What the exercise asks - Below is a listing with pictures. Repeat exactly the lines starting at the one holding "An eager female" and going on through the one holding "10 Specifications69Telemetry Device", and leave every picture out.

** Opening Data for the task block **

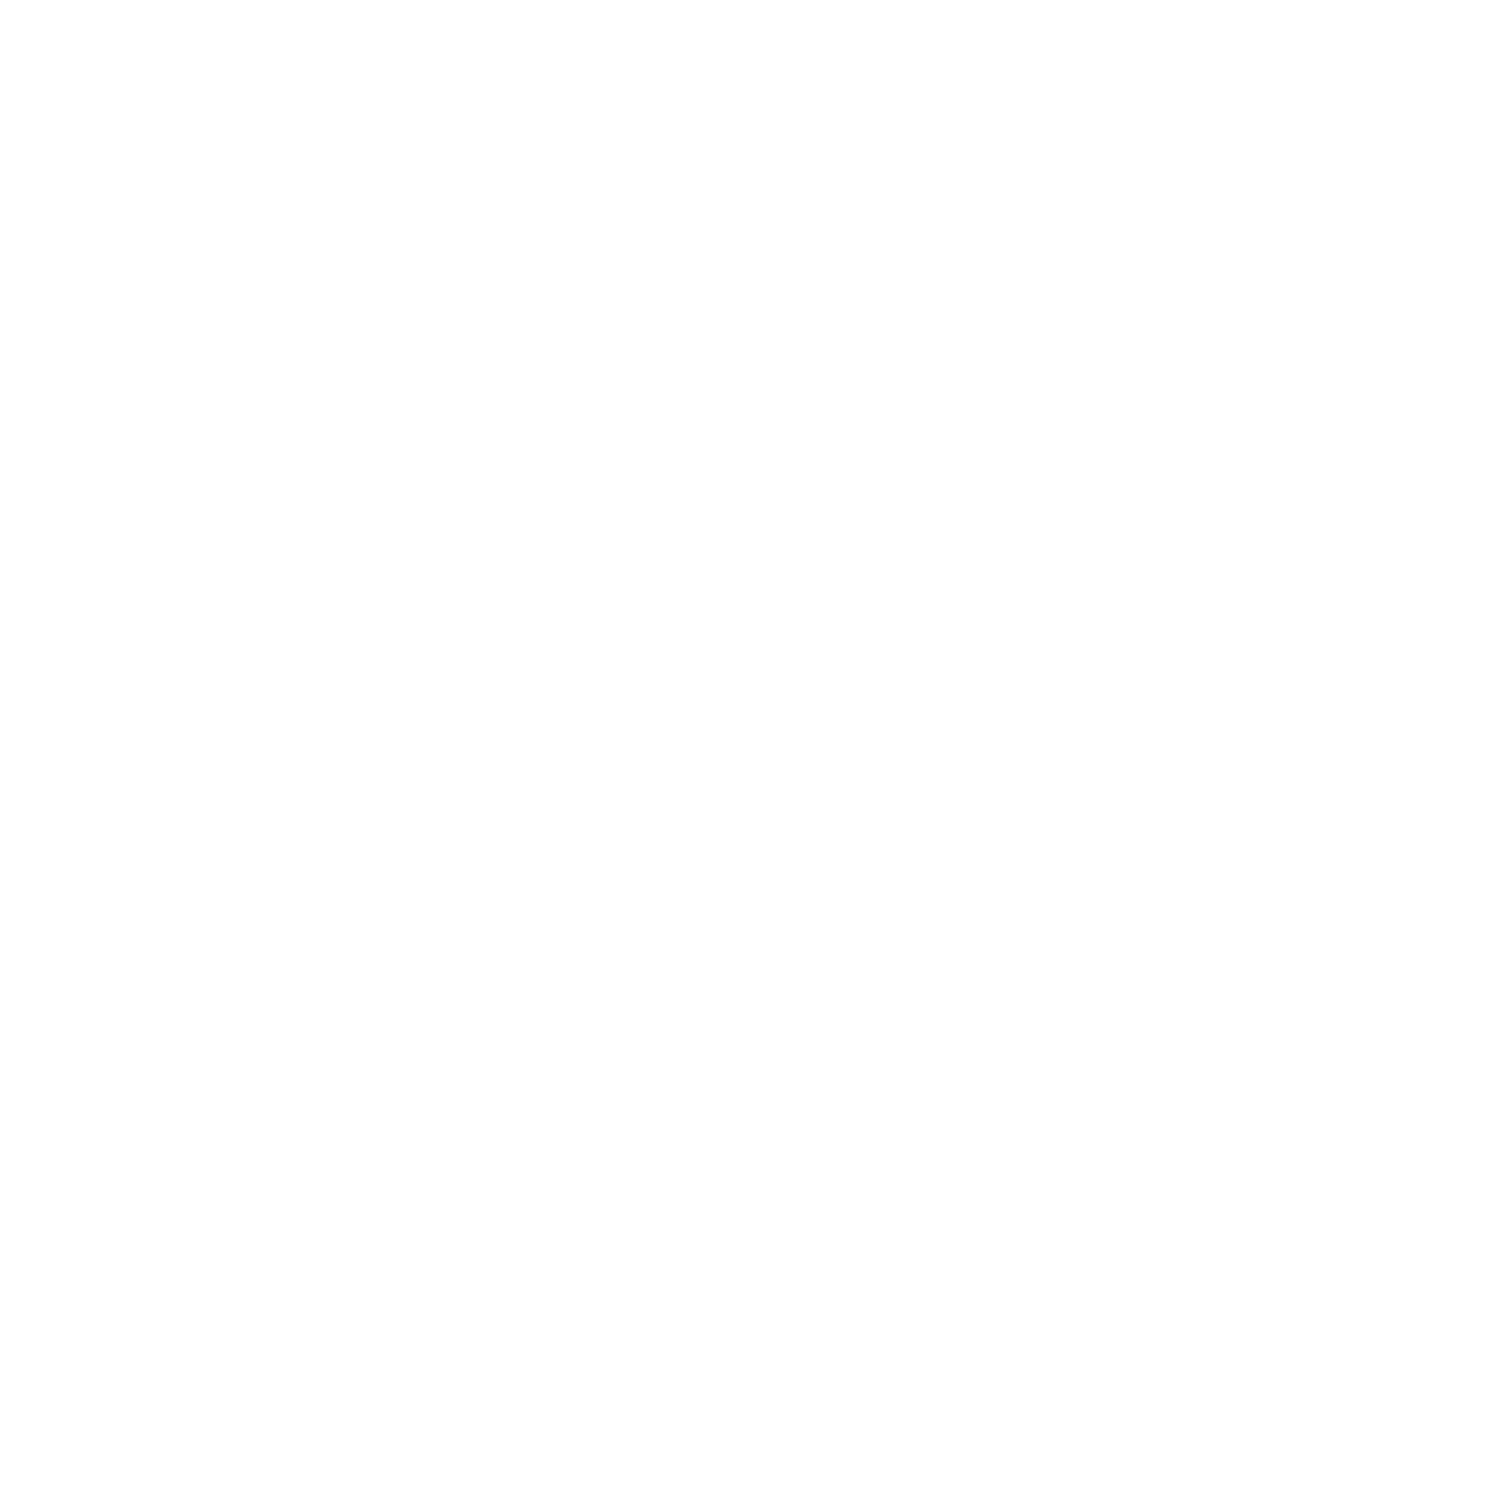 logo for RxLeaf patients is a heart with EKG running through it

** Closing Data for the task block **
** Opening Data for the task block **

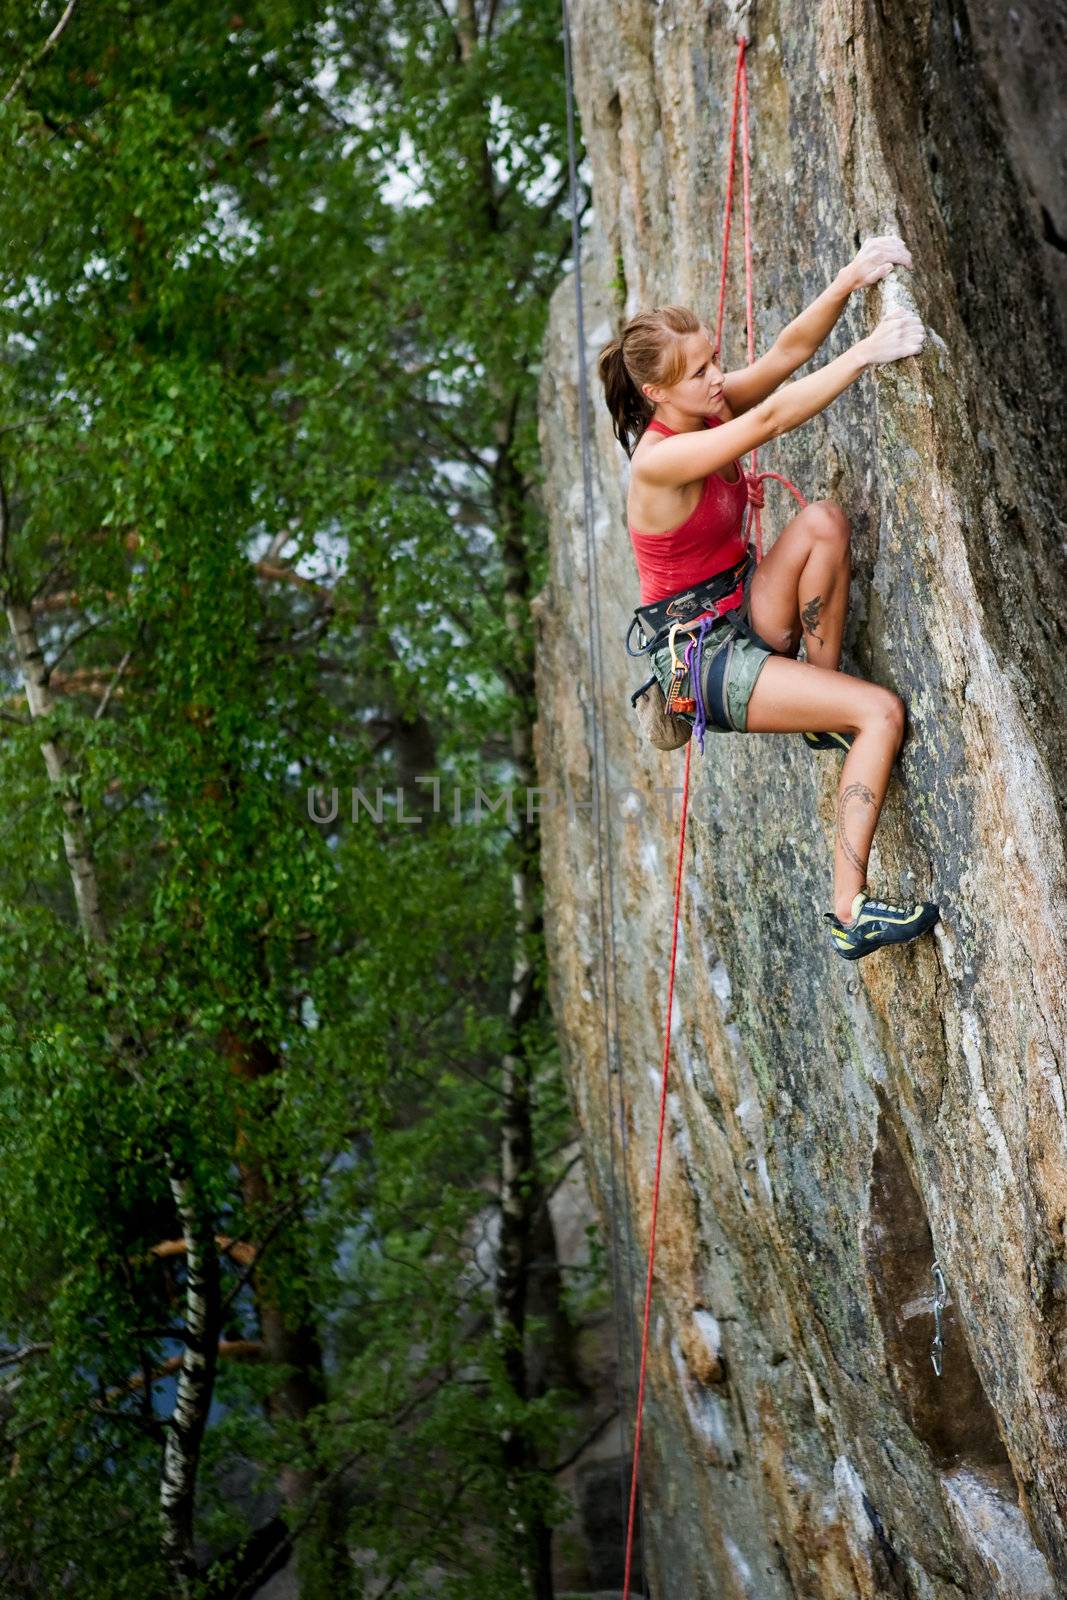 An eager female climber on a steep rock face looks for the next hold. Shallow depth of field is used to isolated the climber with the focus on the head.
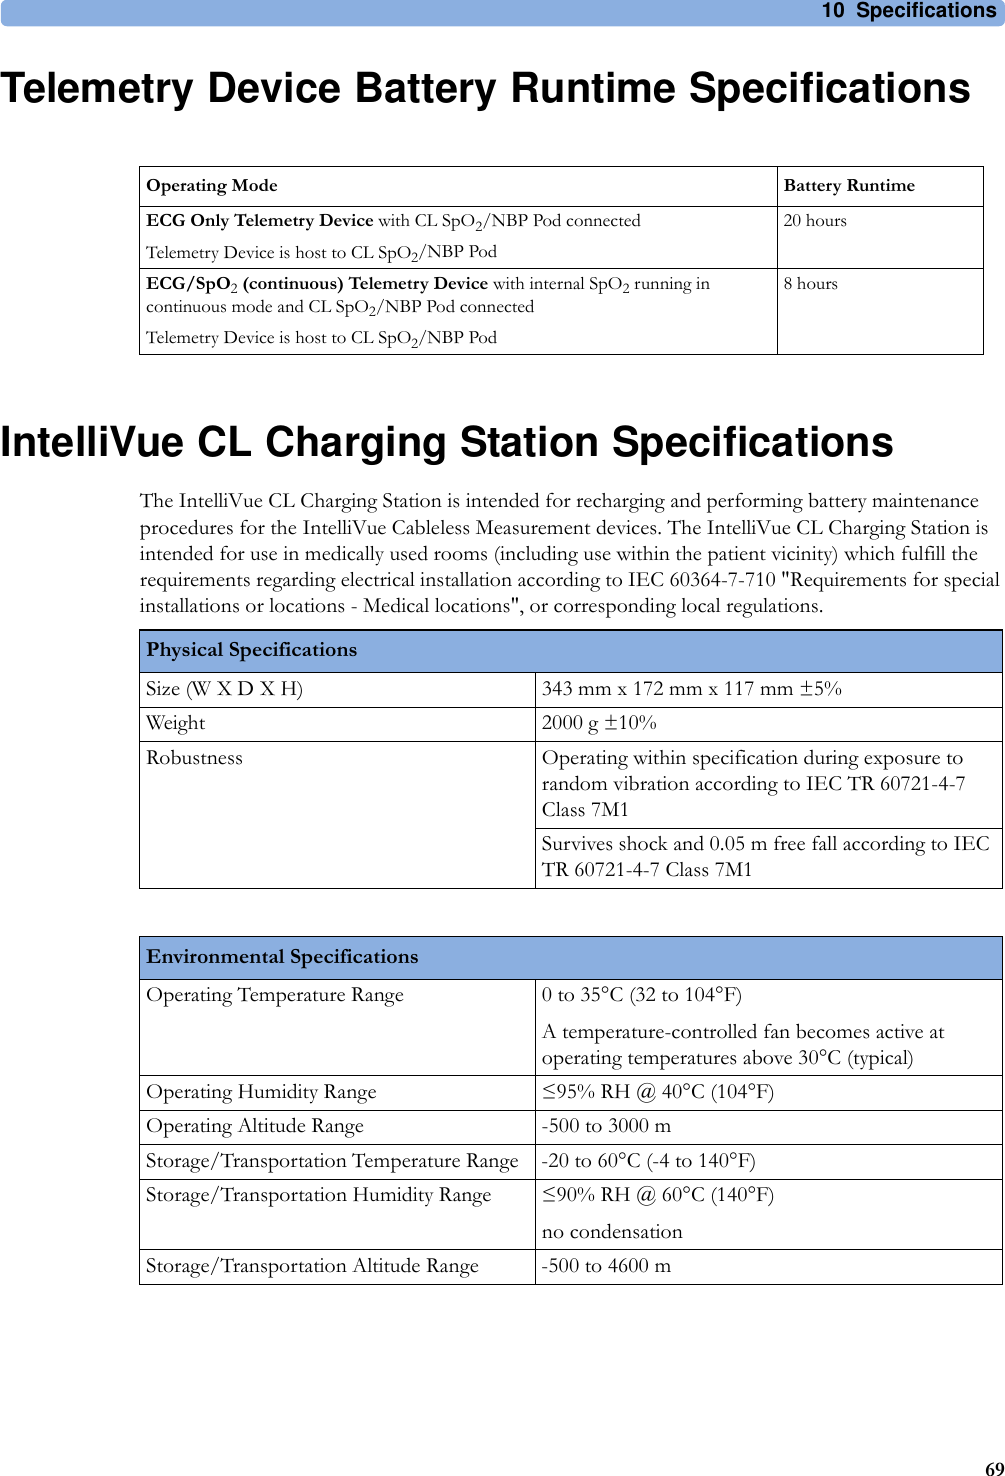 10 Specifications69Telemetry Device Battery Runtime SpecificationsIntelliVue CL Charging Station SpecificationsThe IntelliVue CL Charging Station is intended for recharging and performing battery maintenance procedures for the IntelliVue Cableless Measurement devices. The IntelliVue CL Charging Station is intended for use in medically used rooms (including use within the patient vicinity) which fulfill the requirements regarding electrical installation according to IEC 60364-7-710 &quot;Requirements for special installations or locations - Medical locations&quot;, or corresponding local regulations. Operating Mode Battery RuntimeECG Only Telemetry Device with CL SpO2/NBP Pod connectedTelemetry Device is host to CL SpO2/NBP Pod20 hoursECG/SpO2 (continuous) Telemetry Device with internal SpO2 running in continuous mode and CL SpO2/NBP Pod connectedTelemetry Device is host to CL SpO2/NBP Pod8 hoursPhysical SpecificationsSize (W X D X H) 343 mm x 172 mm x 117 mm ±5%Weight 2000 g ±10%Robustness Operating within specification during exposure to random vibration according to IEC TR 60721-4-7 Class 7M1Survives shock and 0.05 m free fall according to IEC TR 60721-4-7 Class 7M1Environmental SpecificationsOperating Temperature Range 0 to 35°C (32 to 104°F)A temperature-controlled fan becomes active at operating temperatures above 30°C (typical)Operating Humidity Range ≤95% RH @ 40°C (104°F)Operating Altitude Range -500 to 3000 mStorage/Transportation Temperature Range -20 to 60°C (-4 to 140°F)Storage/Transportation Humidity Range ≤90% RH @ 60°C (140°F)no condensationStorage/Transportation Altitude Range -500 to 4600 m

** Closing Data for the task block **

Exercise response -
 An eager female climber on a steep rock face looks for the next hold. Shallow depth of field is used to isolated the climber with the focus on the head.
 10 Specifications69Telemetry Device Battery Runtime SpecificationsIntelliVue CL Charging Station SpecificationsThe IntelliVue CL Charging Station is intended for recharging and performing battery maintenance procedures for the IntelliVue Cableless Measurement devices. The IntelliVue CL Charging Station is intended for use in medically used rooms (including use within the patient vicinity) which fulfill the requirements regarding electrical installation according to IEC 60364-7-710 &quot;Requirements for special installations or locations - Medical locations&quot;, or corresponding local regulations. Operating Mode Battery RuntimeECG Only Telemetry Device with CL SpO2/NBP Pod connectedTelemetry Device is host to CL SpO2/NBP Pod20 hoursECG/SpO2 (continuous) Telemetry Device with internal SpO2 running in continuous mode and CL SpO2/NBP Pod connectedTelemetry Device is host to CL SpO2/NBP Pod8 hoursPhysical SpecificationsSize (W X D X H) 343 mm x 172 mm x 117 mm ±5%Weight 2000 g ±10%Robustness Operating within specification during exposure to random vibration according to IEC TR 60721-4-7 Class 7M1Survives shock and 0.05 m free fall according to IEC TR 60721-4-7 Class 7M1Environmental SpecificationsOperating Temperature Range 0 to 35°C (32 to 104°F)A temperature-controlled fan becomes active at operating temperatures above 30°C (typical)Operating Humidity Range ≤95% RH @ 40°C (104°F)Operating Altitude Range -500 to 3000 mStorage/Transportation Temperature Range -20 to 60°C (-4 to 140°F)Storage/Transportation Humidity Range ≤90% RH @ 60°C (140°F)no condensationStorage/Transportation Altitude Range -500 to 4600 m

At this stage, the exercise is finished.